Quote these lines exactly: the one that holds "Vintage GIANNI VERSACE" and every line after it to the end of the material below. Skip pictures.
── Records for processing ──
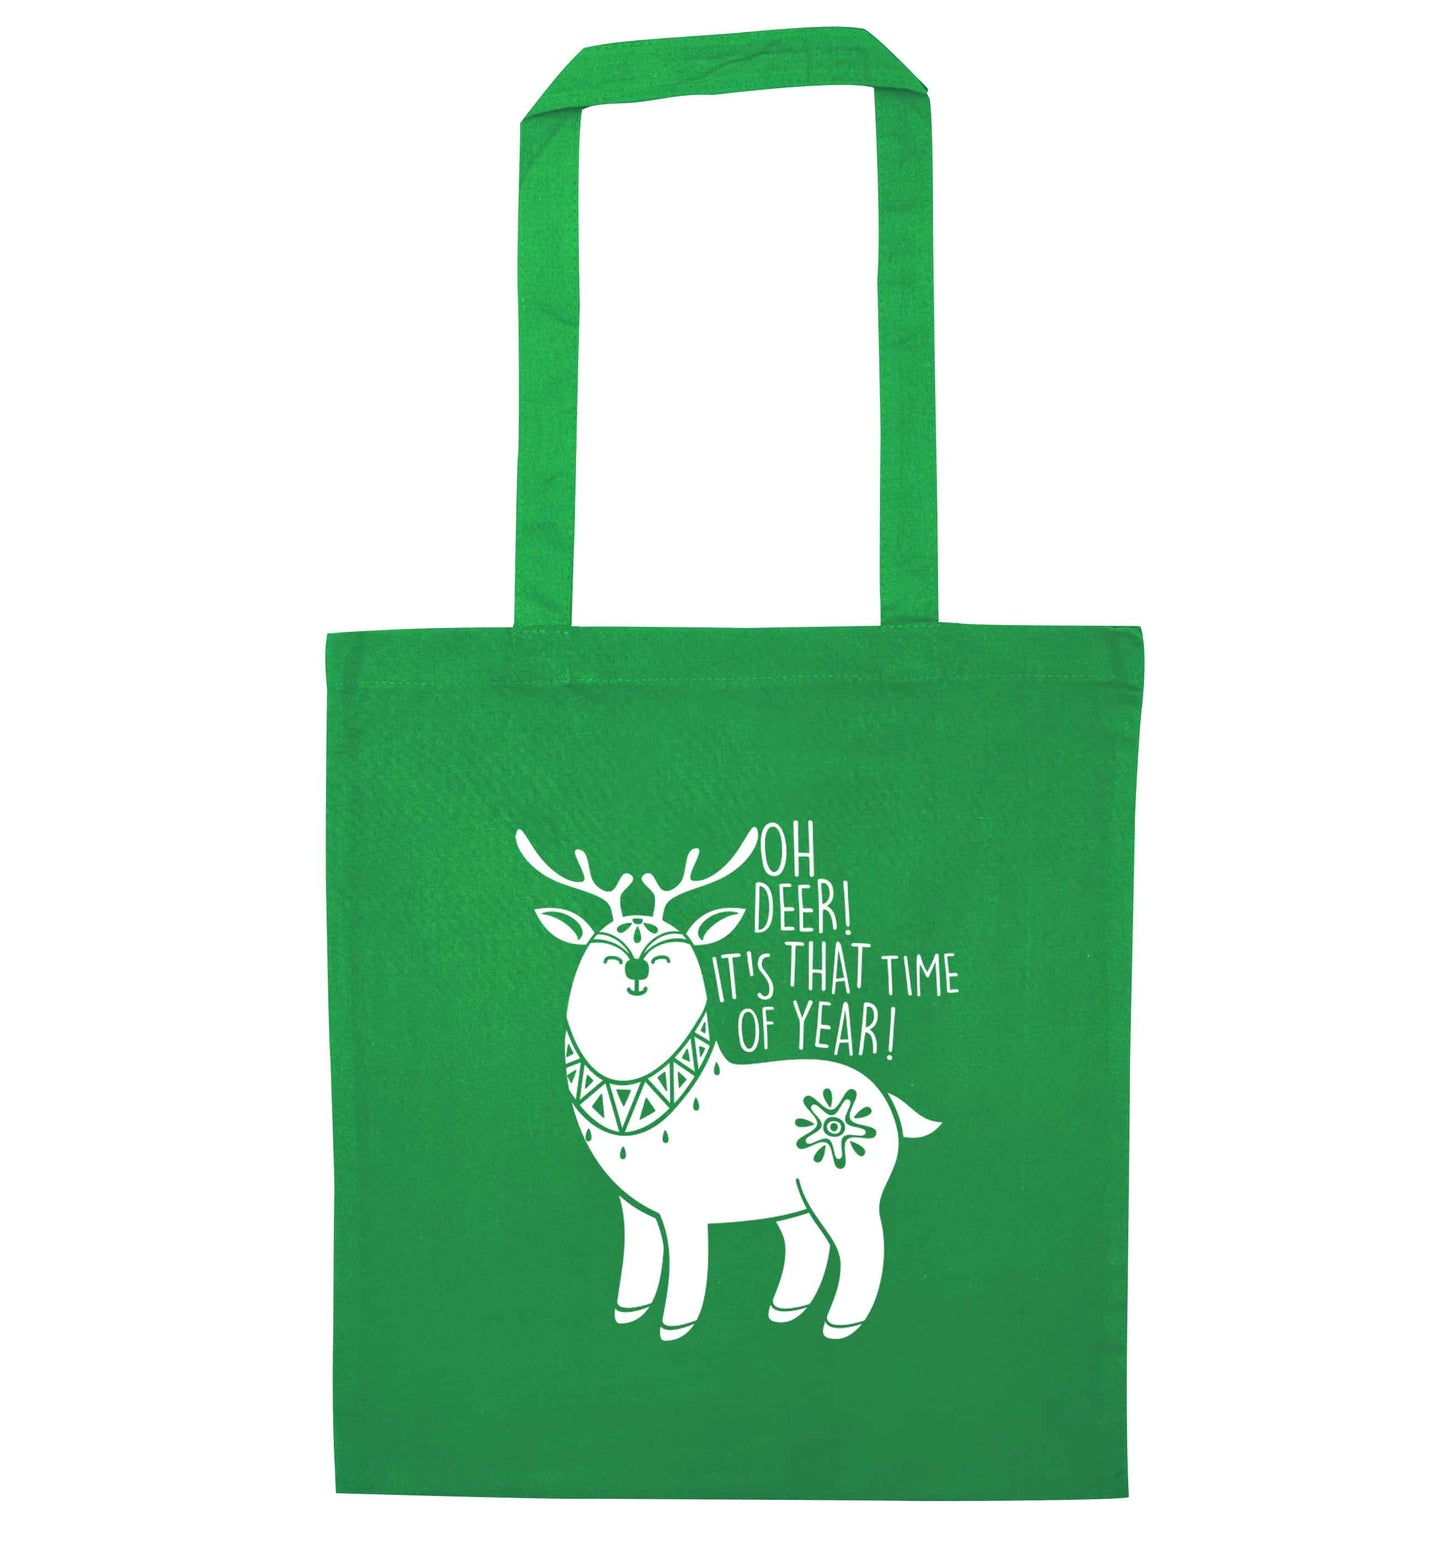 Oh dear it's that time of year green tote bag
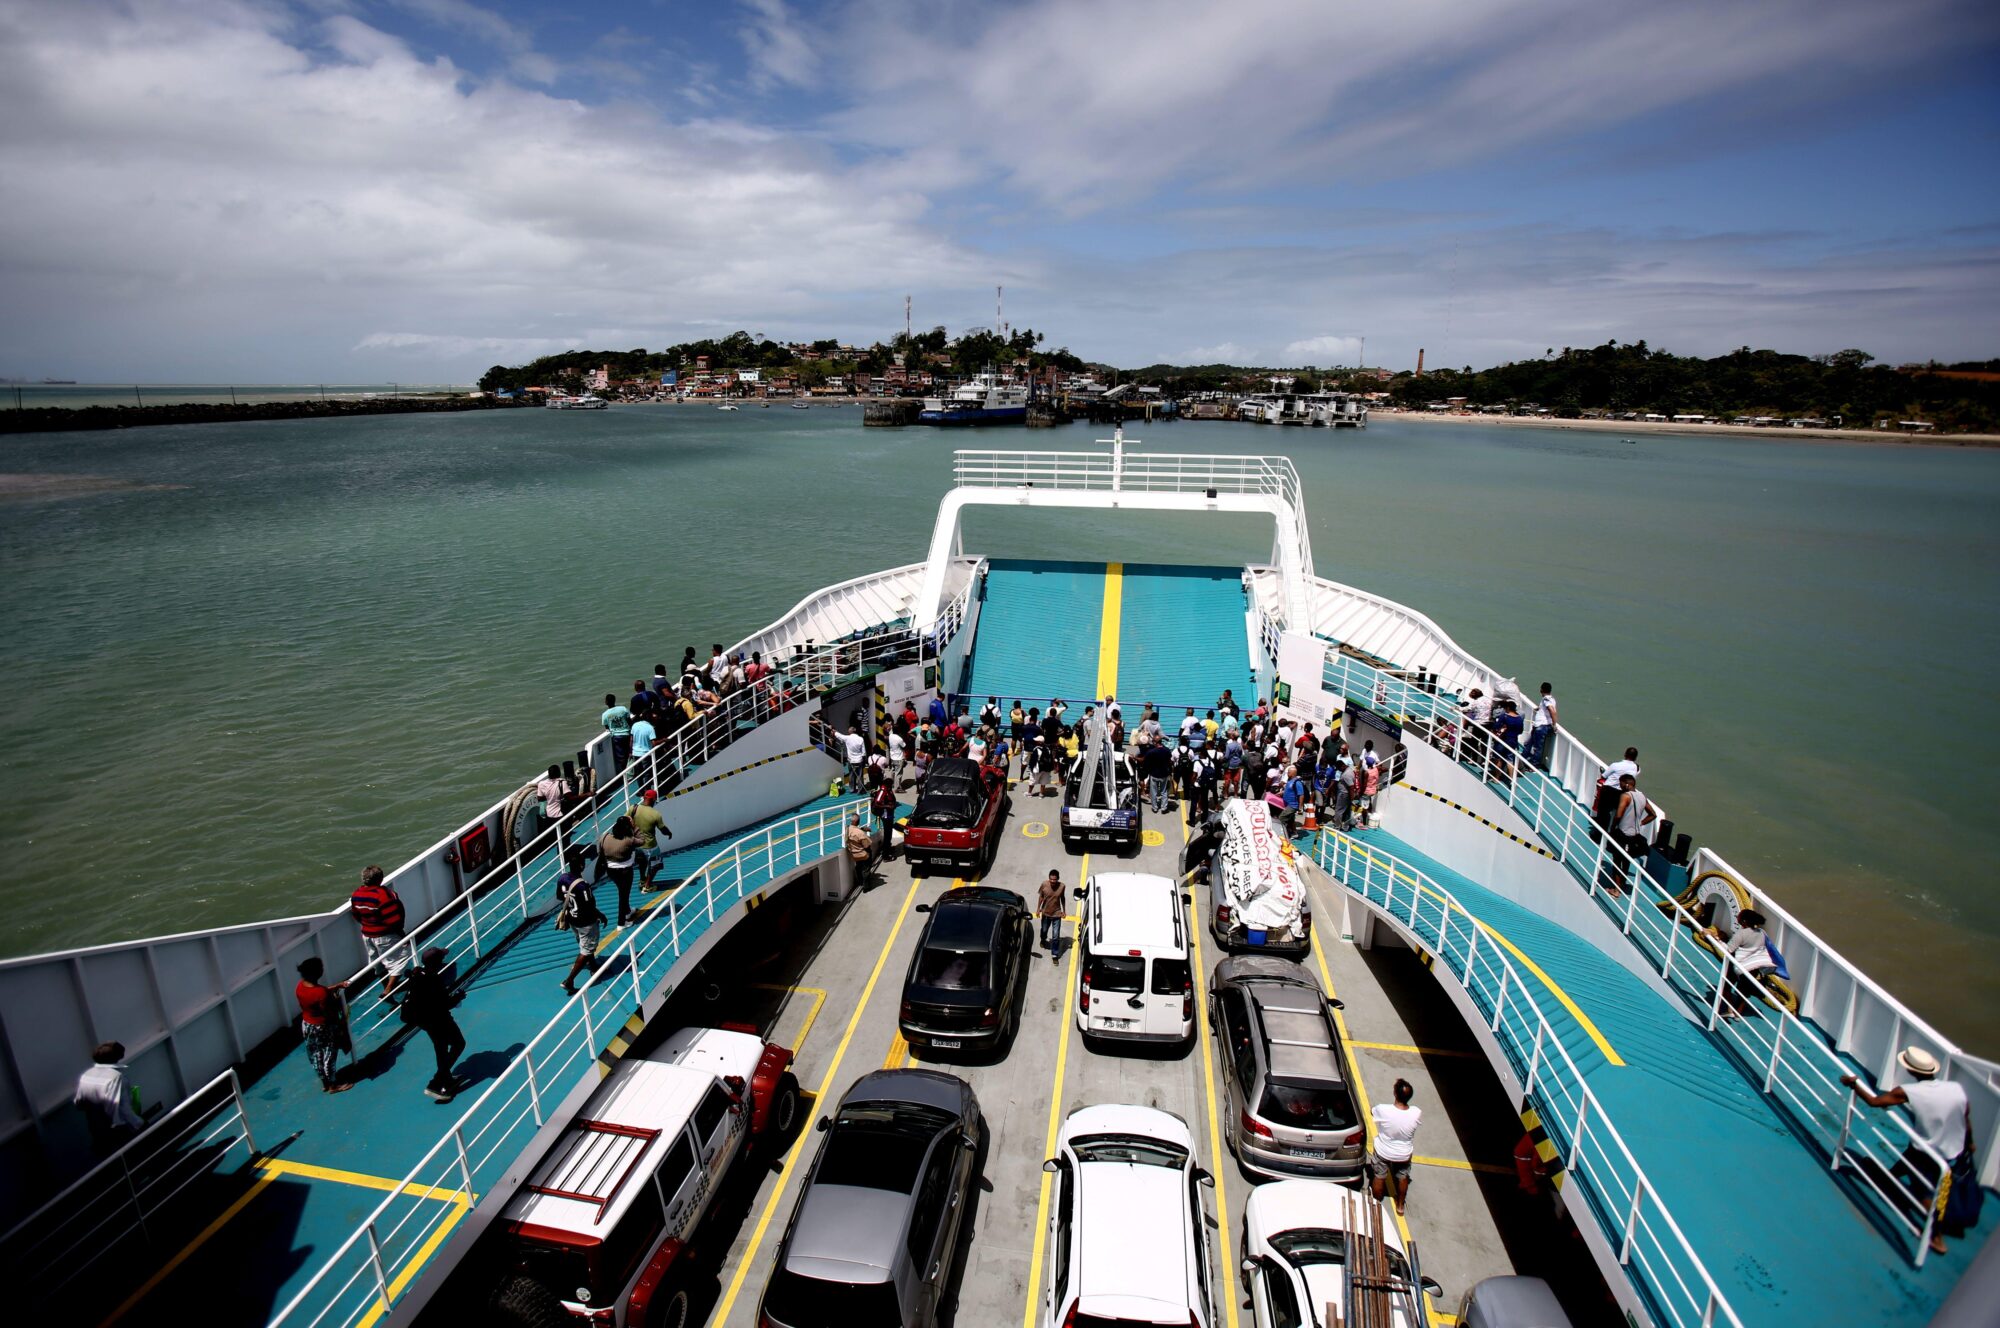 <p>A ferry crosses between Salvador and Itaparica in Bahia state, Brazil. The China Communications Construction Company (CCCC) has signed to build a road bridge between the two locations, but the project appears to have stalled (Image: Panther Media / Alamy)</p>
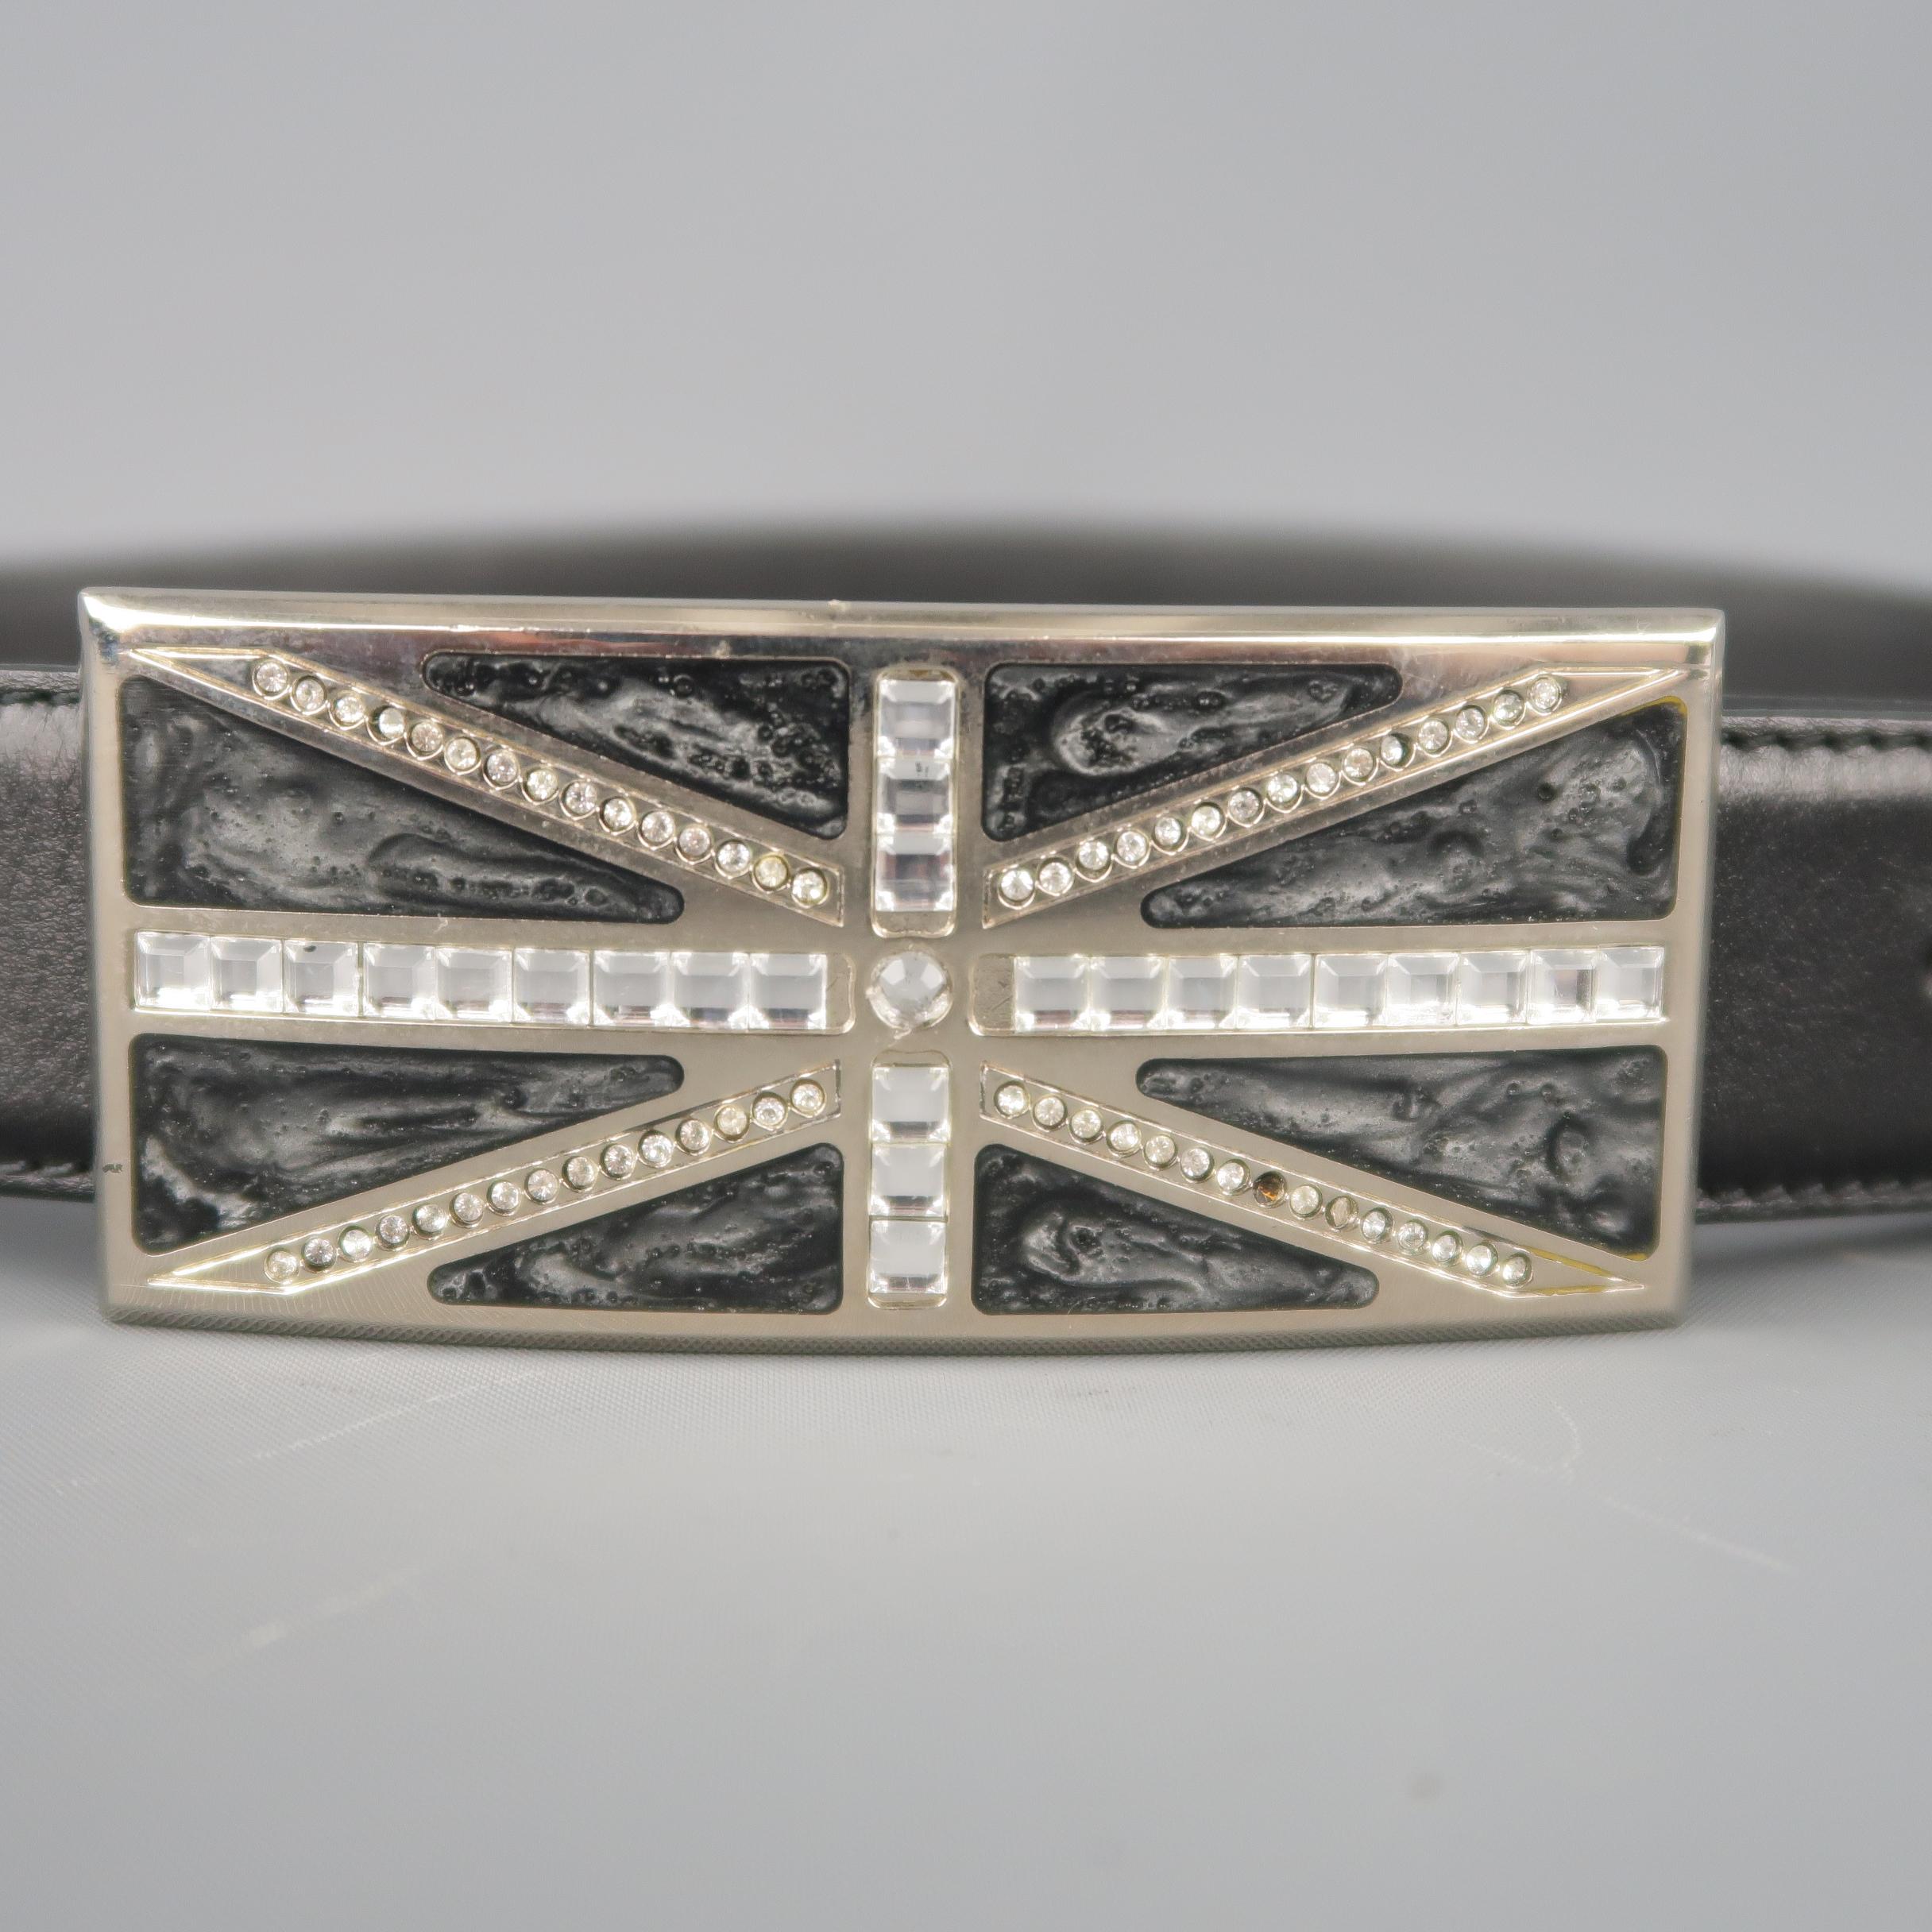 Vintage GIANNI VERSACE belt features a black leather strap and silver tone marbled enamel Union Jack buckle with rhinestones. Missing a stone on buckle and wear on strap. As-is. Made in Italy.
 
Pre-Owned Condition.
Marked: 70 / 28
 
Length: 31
───
Solution for this exercise:
 Vintage GIANNI VERSACE belt features a black leather strap and silver tone marbled enamel Union Jack buckle with rhinestones. Missing a stone on buckle and wear on strap. As-is. Made in Italy.
 
Pre-Owned Condition.
Marked: 70 / 28
 
Length: 31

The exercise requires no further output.